Do you consider a pile of lumber to be a house? When does it resemble one? For those with strong religious convictions, equating a fetus with a pile of lumber is sickening. However, all Americans don't share those same beliefs.

Abortion is very much a faith-based issue. Those with strong opinions that life begins at conception are not going to change their minds. However, this is the very reason why faith-based legislation is so dangerous.


----------



## Plainsman (Jul 30, 2003)

Militant Tiger wrote:



> So a mass of flesh without conscious thought is a human? That sure does qualify quite a few things as human. *In fact I think that pretty much denies hunting too*.


That speaks volumes, but not good. Giving an animal the same importants as humans is what PETA keeps saying. Who was the fellow that made the statement " a rat is a pig is a dog is a boy, they are all of equal value"?


----------



## zogman (Mar 20, 2002)

As an adopted person I find the liberal view extremely offensive. It has nothing to do with religion as far as I am concerned. It's about life. 
I watched a vidio scan of our first grandchild when our daughter was 4 months along. Again its about giving life or killing the unborn infant.

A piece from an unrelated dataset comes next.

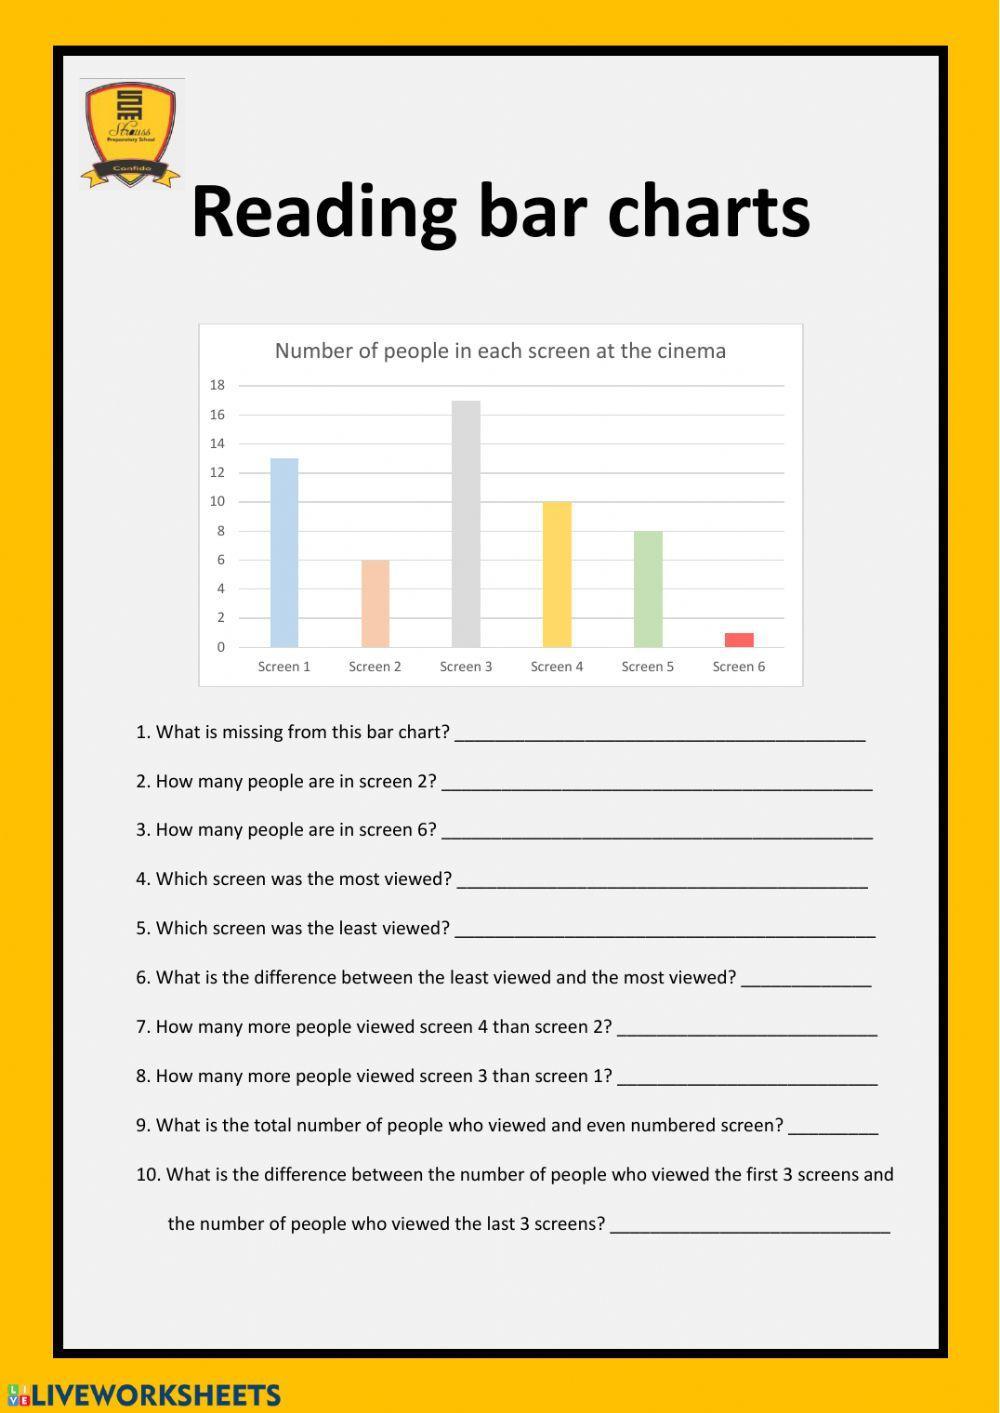 Interpreting bar graphs

Big Daddy do you have childern or grandchildern?????

Big Daddy says 


> However, the question centers on when exactly that fetus is a "life". Is it at conception? Is it when it begins to resemble a human being? Is it when the heart starts to beat? Is it when it is self-sufficient and able to survive on its own?

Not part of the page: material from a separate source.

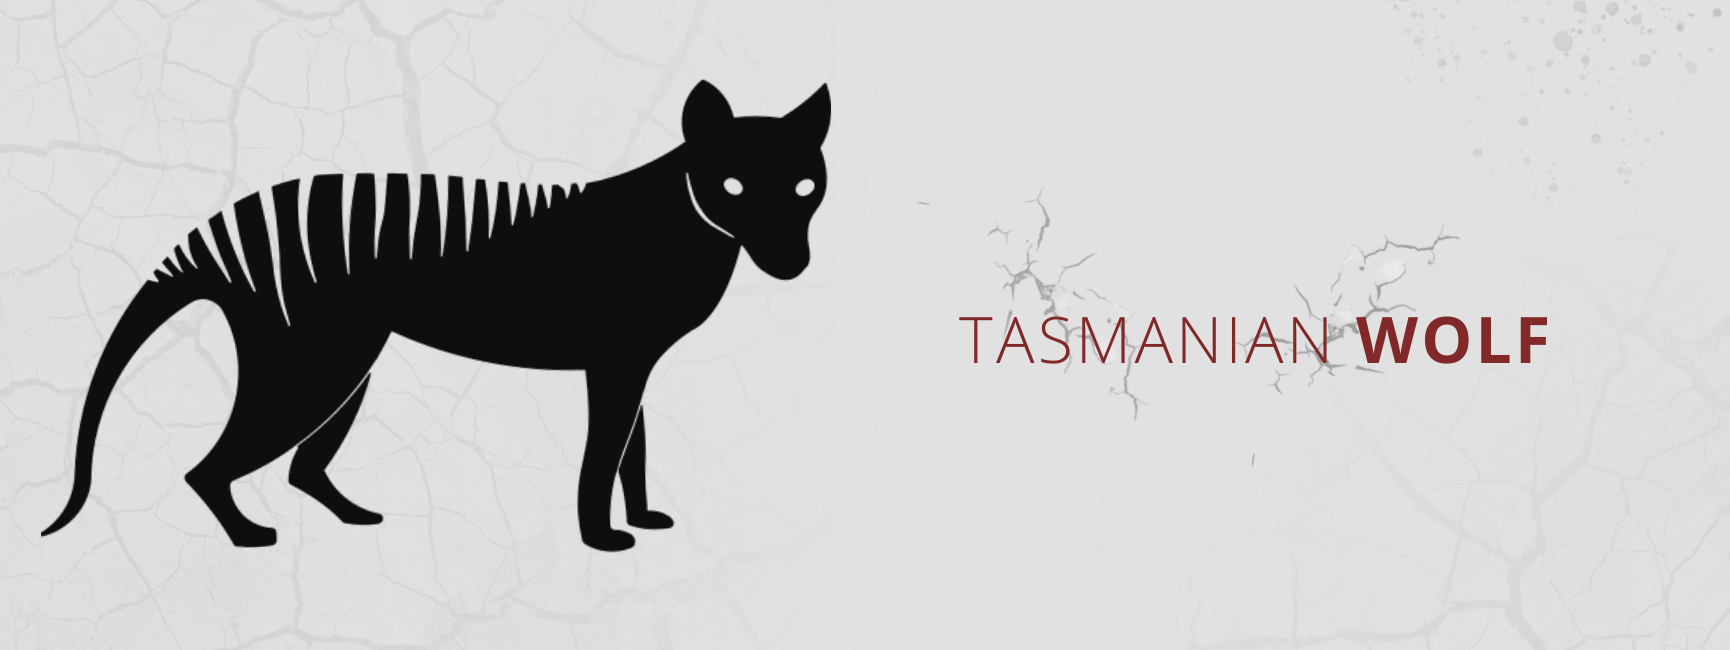 tasmanian wolf characteristics

As a 58 year old adopted person I'm damn glad my birth mother decided to keep me as soon as she found out she was pregnant.

I'll let it rest now.

Plainsman next time we wander into this territory please lock the post.


----------



## Militant_Tiger (Feb 23, 2004)

Plainsman said:


> Militant Tiger wrote:
> 
> 
> 
> ...


What exactly is the definition of life then? If a mass of flesh that lacks conscious thought or the ability to survive in the outside world is life, then what is not alive? If it is something that is not made of flesh, you have just made a point for PETA.



> Plainsman next time we wander into this territory please lock the post.

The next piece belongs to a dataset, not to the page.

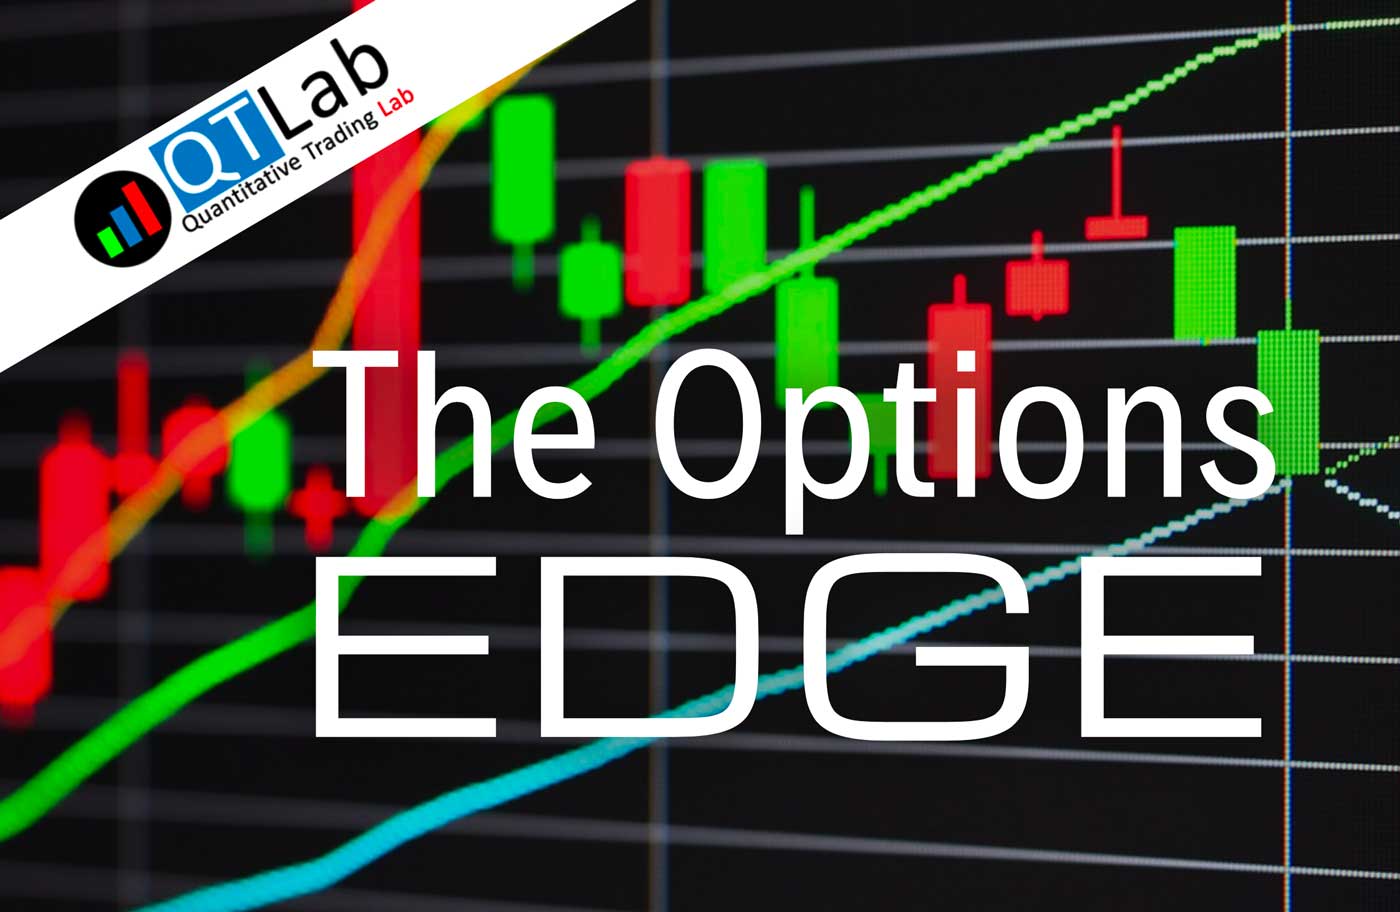 corso the option edge,corso trading opzioni, corso opzioni, trading in opzioni, opzioni trading, corsi opzioni, trading con le opzioni

Why? This is one of the major issues and it needs to be discussed. If you are saying that it should be in another thread, I agree and I am posting one now.


----------



## Longshot (Feb 9, 2004)

Choice came before conception.


----------



## pointer99 (Jan 16, 2004)

Longshot said:


> Choice came before conception.


good answer

pointer


----------



## Storm (Dec 8, 2004)

Yes I shudder when I hear about the "day after Pill". This is a horrible concept brought over here from Europe. The FDA is dragging it's feet on allowing full approval so that a 16 year old girl can't go out have sex and then buy this pill over the counter without parental consent. The liberals and feminst are all up in arms because the Bush administration is obviously tyring to stop this. Bush is doing the right thing again. I love it a teenager in the State of Nebraska needs parental consent before getting a tatoo, but hey we want to make it so that you can buy a pill over the counter that is going to kill a life inside of them without telling their parents. Let's see does this promote premarital sex????? Does this devalue human life or babies, of course it does. The Day After Pill in my eyes is no different than an abortion. BigDaddy you can't compare a pile of wood to a baby, no matter how hard you try there is nothing to compare it to. I have heard Tiger try to defend this issue of abortion and all he does is run around in circles and dodge questions. There is no way possible to defend this act. My father inlaw is a profeesor of moral ethics at a well known Catholic university. He is a published author and is currently writing his second book on ethics specifically dealing with stem cell research. And by the way he is an advisor to the Bush administration on these issues such as abortion, stem cell research and so forth. If you are C-Span watchers you may of seen him debate this issue a time or too. This is one reason why Bush is so agianst Stem Cell Research. If any of you guys are interested in more information I can direct you to some good books on these topics. Just drop me a PM.


----------



## njsimonson (Sep 24, 2002)

> I wouldn't vote for anyone that is for killing babies. So we will have to see what happens.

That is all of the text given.